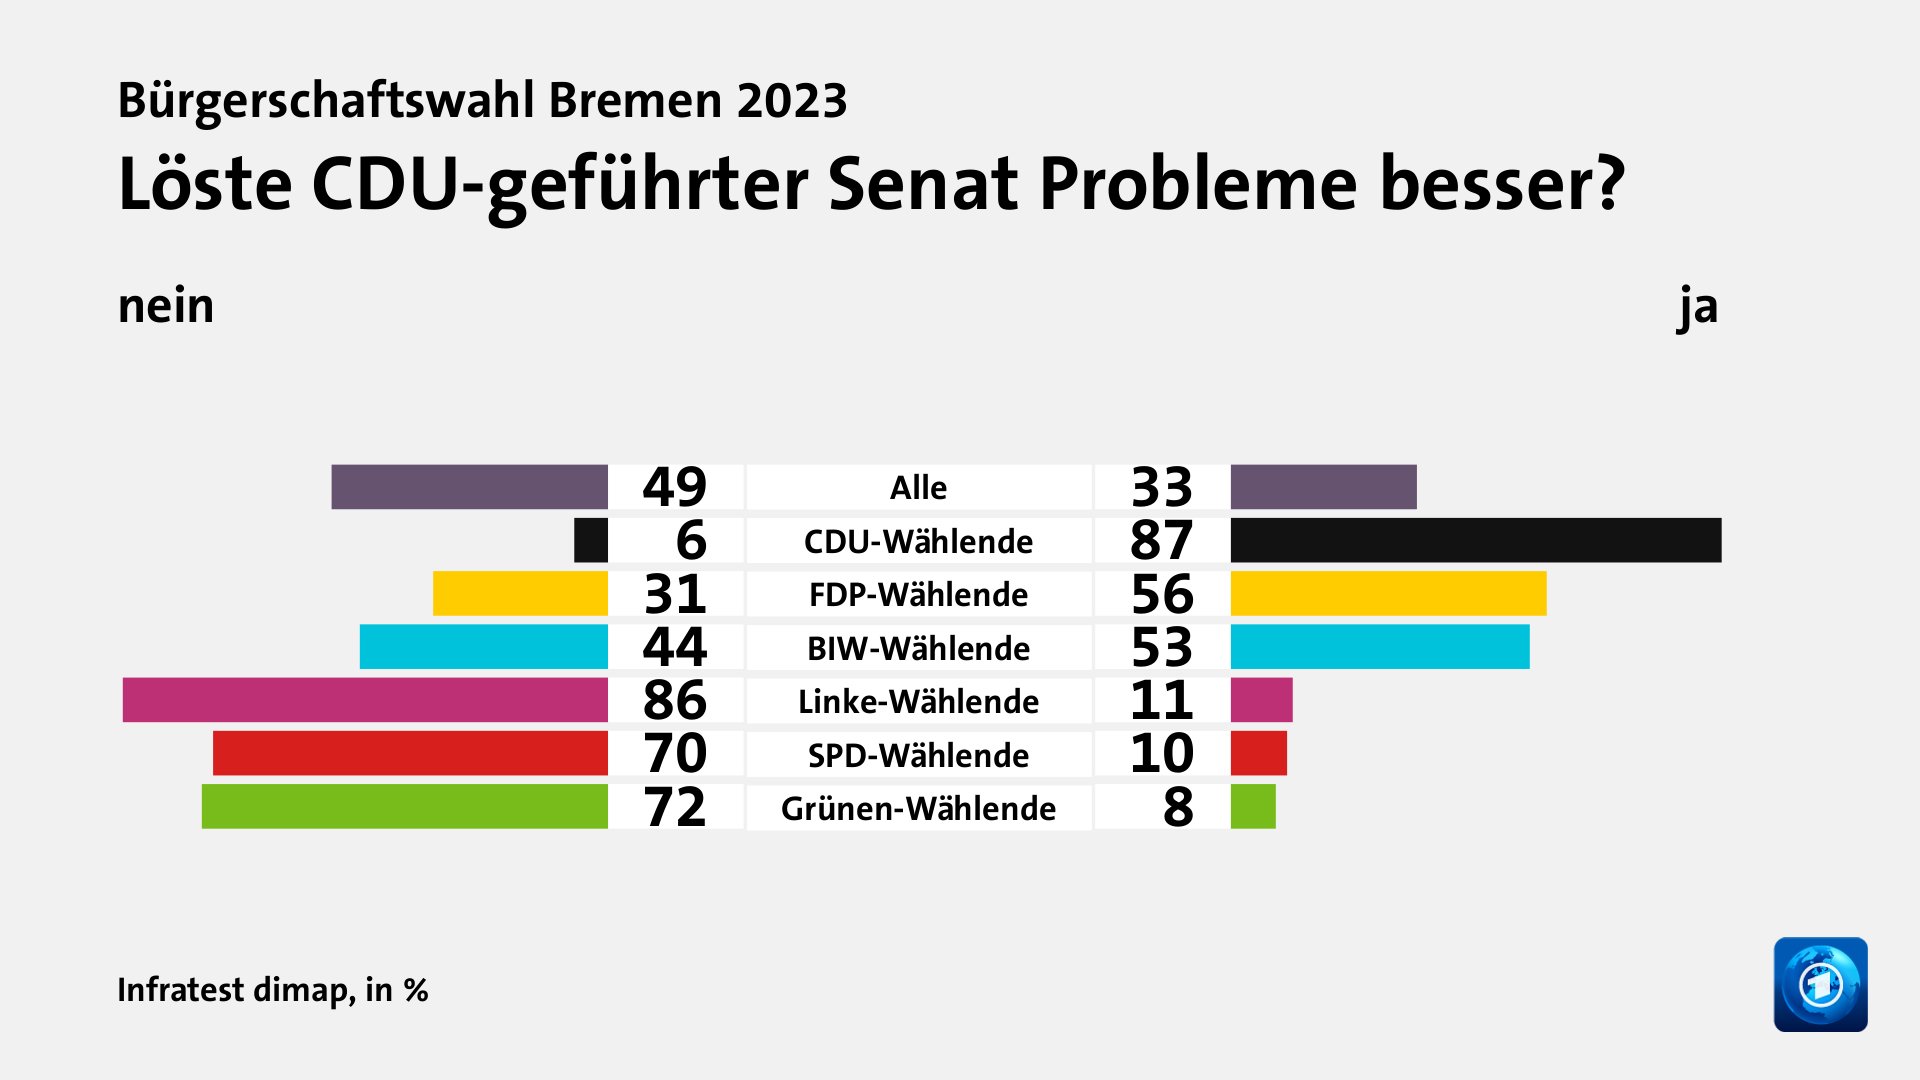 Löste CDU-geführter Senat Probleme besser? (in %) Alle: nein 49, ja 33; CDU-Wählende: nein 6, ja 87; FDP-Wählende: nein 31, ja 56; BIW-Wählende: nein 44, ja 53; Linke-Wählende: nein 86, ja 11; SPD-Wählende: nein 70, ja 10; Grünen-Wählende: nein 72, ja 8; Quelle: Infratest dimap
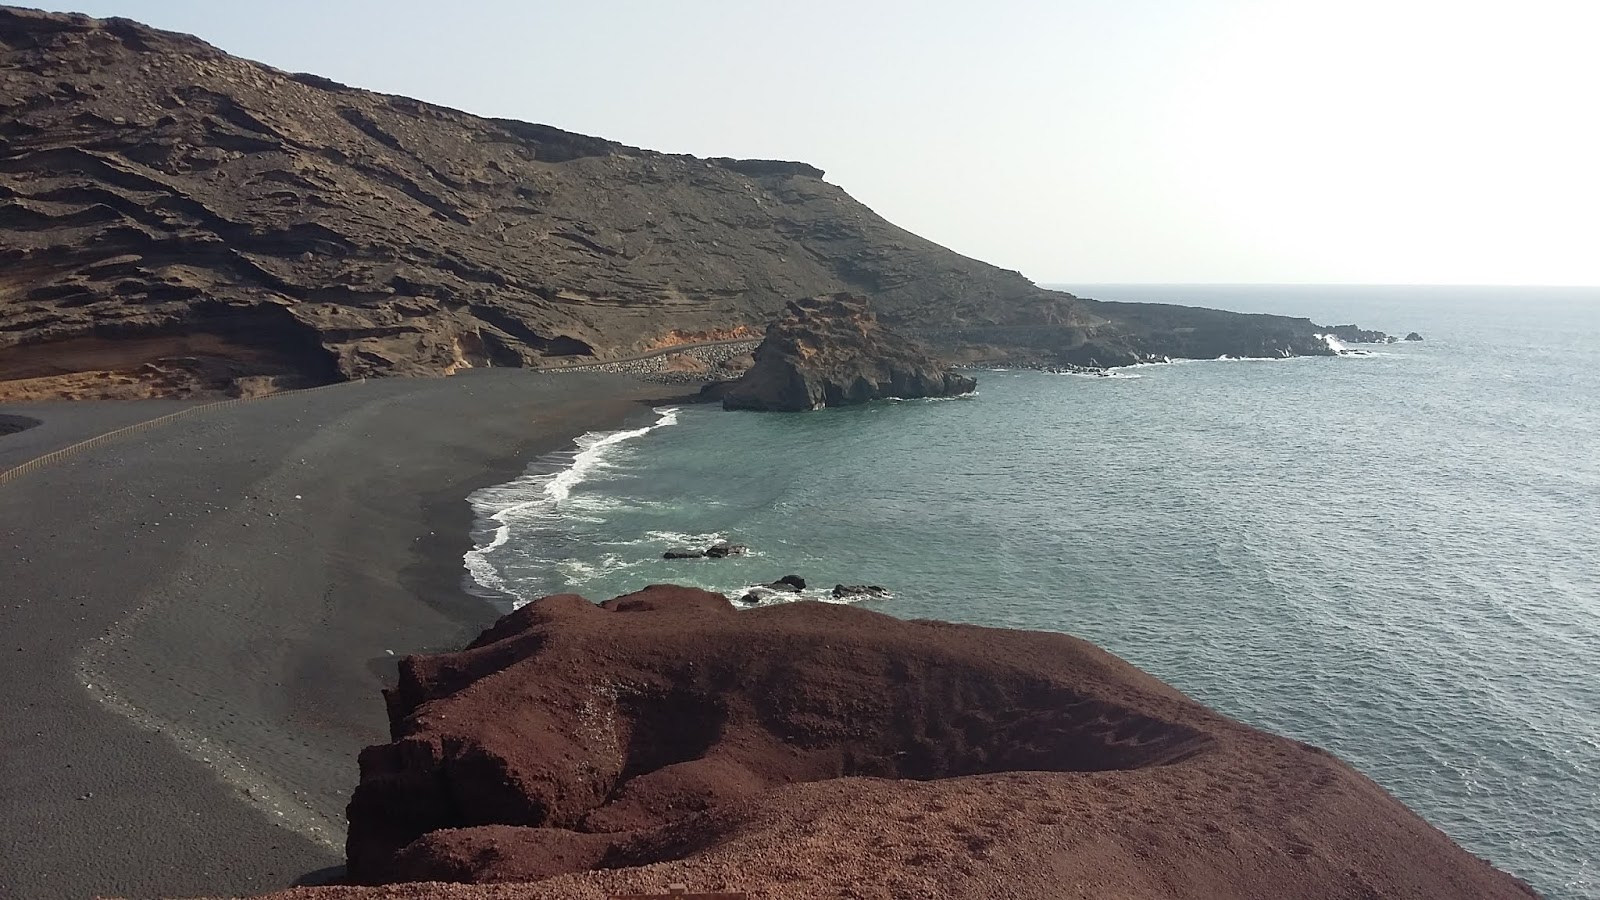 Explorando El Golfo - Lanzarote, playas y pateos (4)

-.-.-

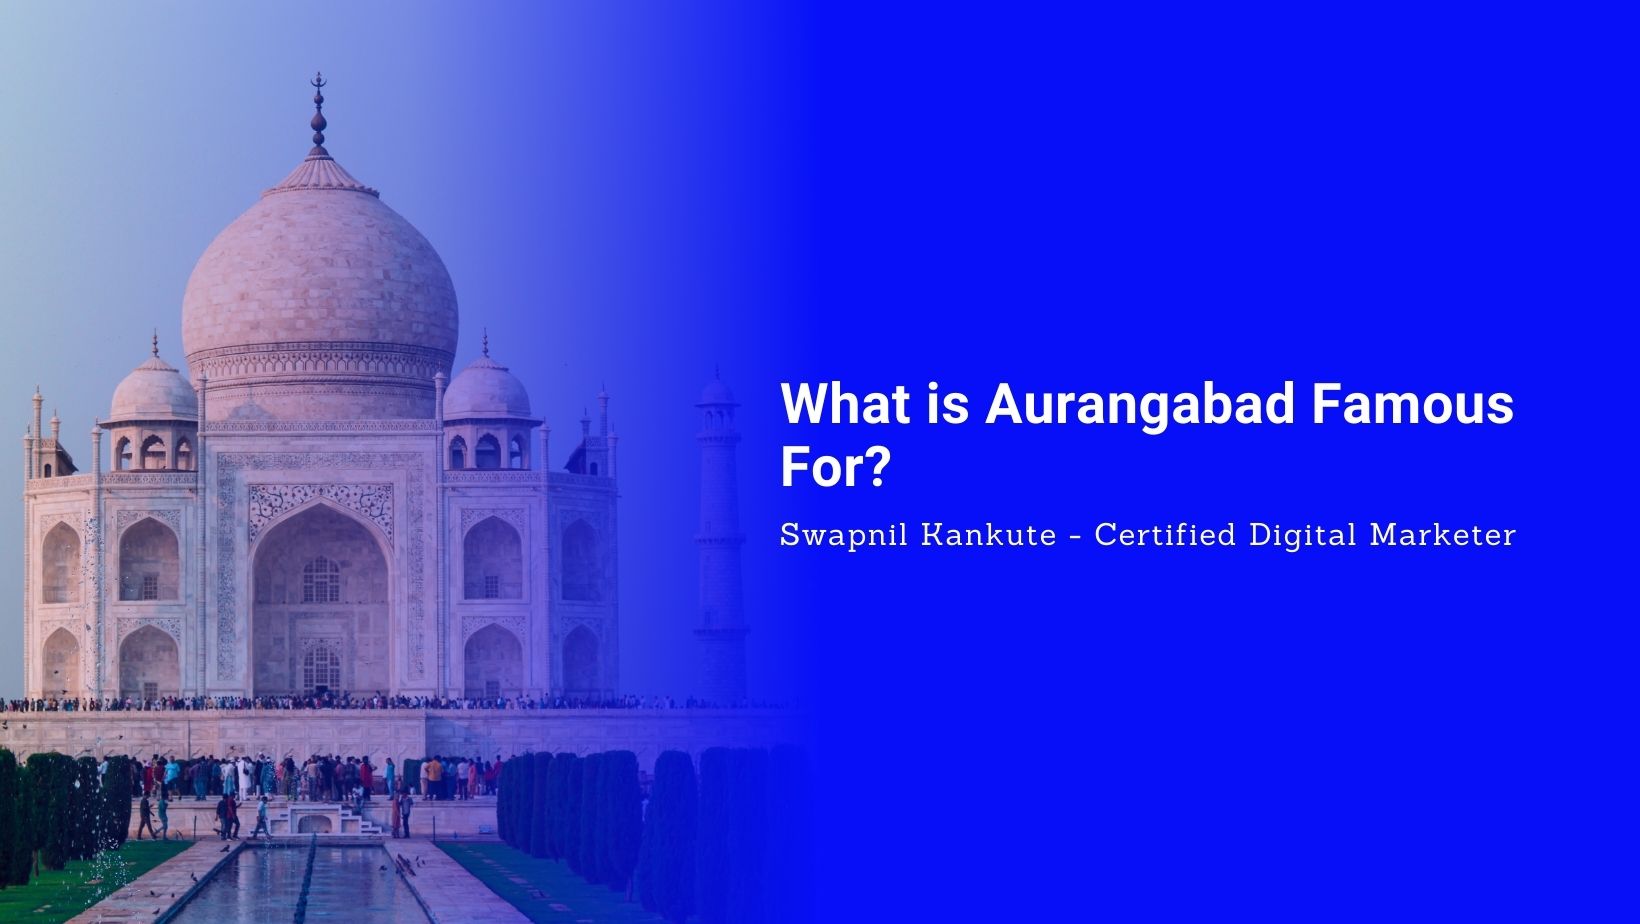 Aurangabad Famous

-.-.-

→ WHAT THE EXERCISE ASKS: Only one stretch of the listing above is to be duplicated: the lines from the one containing "Löste CDU-geführter Senat" through the one containing "Explorando El Golfo", both included. Copy them exactly, minus the pictures.

→ REPLY TO THE TASK:
 Löste CDU-geführter Senat Probleme besser? (in %) Alle: nein 49, ja 33; CDU-Wählende: nein 6, ja 87; FDP-Wählende: nein 31, ja 56; BIW-Wählende: nein 44, ja 53; Linke-Wählende: nein 86, ja 11; SPD-Wählende: nein 70, ja 10; Grünen-Wählende: nein 72, ja 8; Quelle: Infratest dimap
 Explorando El Golfo - Lanzarote, playas y pateos (4)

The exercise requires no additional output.